Quatre clowns, quatre pantins, quatre personnages dans une gare déserte et désertée, où les trains ne s’arrêtent même plus. Ils ont une hiérarchie, des souvenirs et des envies, mais arriveront-ils jamais à sortir de la boucle qu’ils semblent répéter sans cesse ? Avec l’arrivée d’Harry, illusionniste, prophète et alcoolique, peut-être, le départ prochain ?

Sur le papier, il semble y avoir beaucoup de choses dans ce projet.
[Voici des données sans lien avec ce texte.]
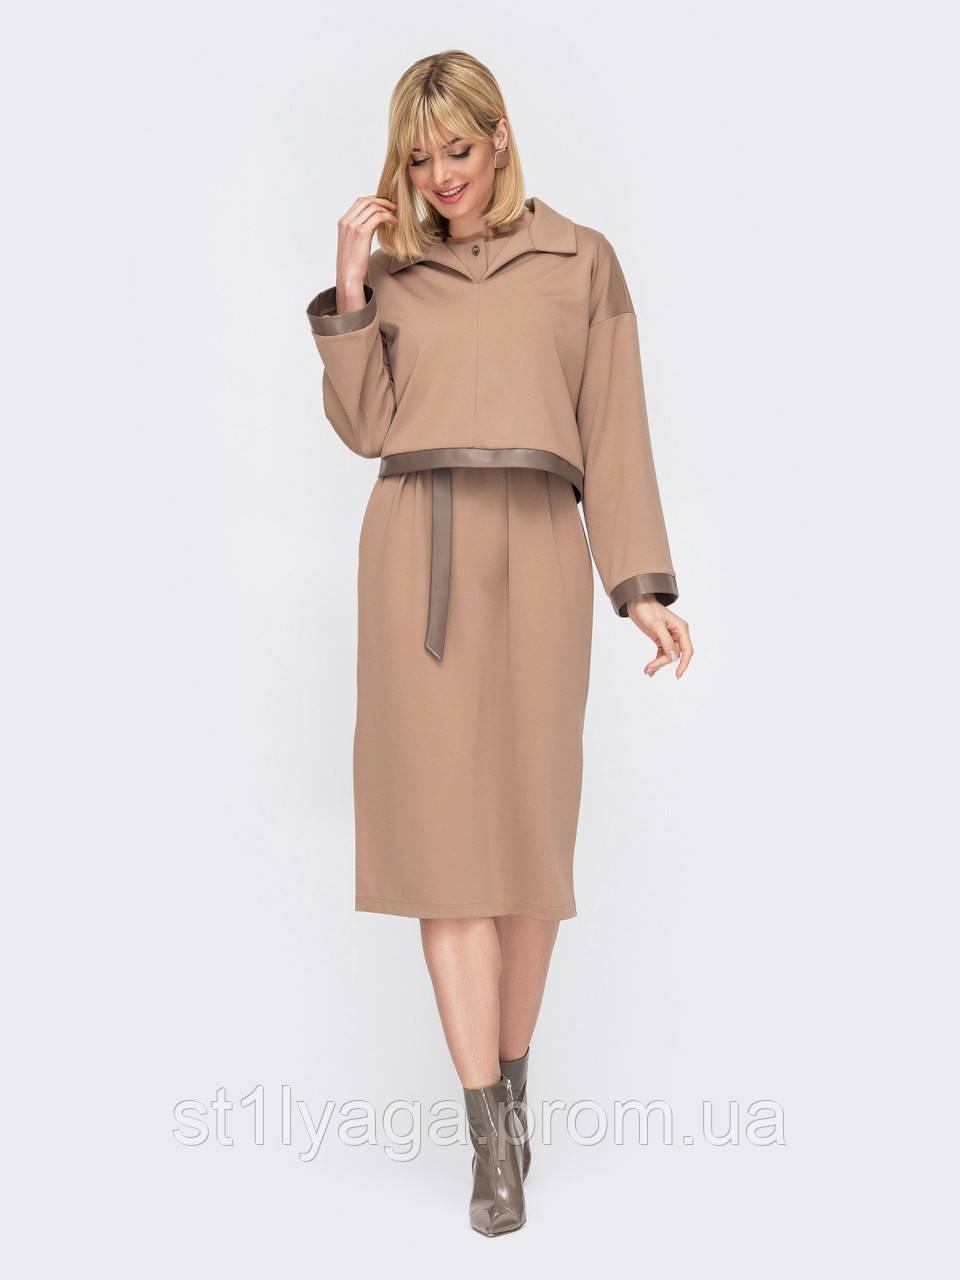 Трикотажный костюм из платья без рукавов и кофты

Absurde destin raconté entre illusion et réalité crue, Orchestre Titanic dit quelque chose de l’attente, du but d’une vie, de la fatalité, mais aussi de notre faculté à chambouler ces notions ordinaires par l’incursion de la magie, de la folie, ultime refuge peut-être, pour garder l’espoir. Il y a Godot, il y a Shakespeare, il y a le clown et le marin, le classique et le très moderne.

Et en scène, cette multitude de lectures et d’influences sont presque trop nombreuses. Dans un décor simple, mais plein de trouvailles, l’espace évolue, l’imaginaire et le bricolage travaillent, dans une sorte de reconstitution de théâtre de rue très charmant. On est impressionné par la lumière, chargée d’un rôle capital. Elle éclaire les visages marqués, les faisant ressembler à des masques, elle crée le relief, le volume. C’est très beau, mais les personnages clownesques et solitaires ont du mal à venir jusqu’à nous. Disparaissant parfois presque dans l’ombre, ils nous surprennent souvent, mais ne parviennent pas toujours à se dégager de l’immense plateau, et de l’humour noir d’une telle histoire. On rit mais on ne parvient pas à s’attacher vraiment, on les trouve d’une justesse folle mais ensuite, un peu enfermés dans le seul caractère qui leur est attribué. Dans cette fable existentielle, drôle, incompréhensible, on est charmé par le niveau technique, mais aussi souvent laissé pour compte. Et dans ces cas-là, on se retrouve souvent à chercher du sens à tout prix, ce qui n’est pas toujours une bonne idée au théâtre.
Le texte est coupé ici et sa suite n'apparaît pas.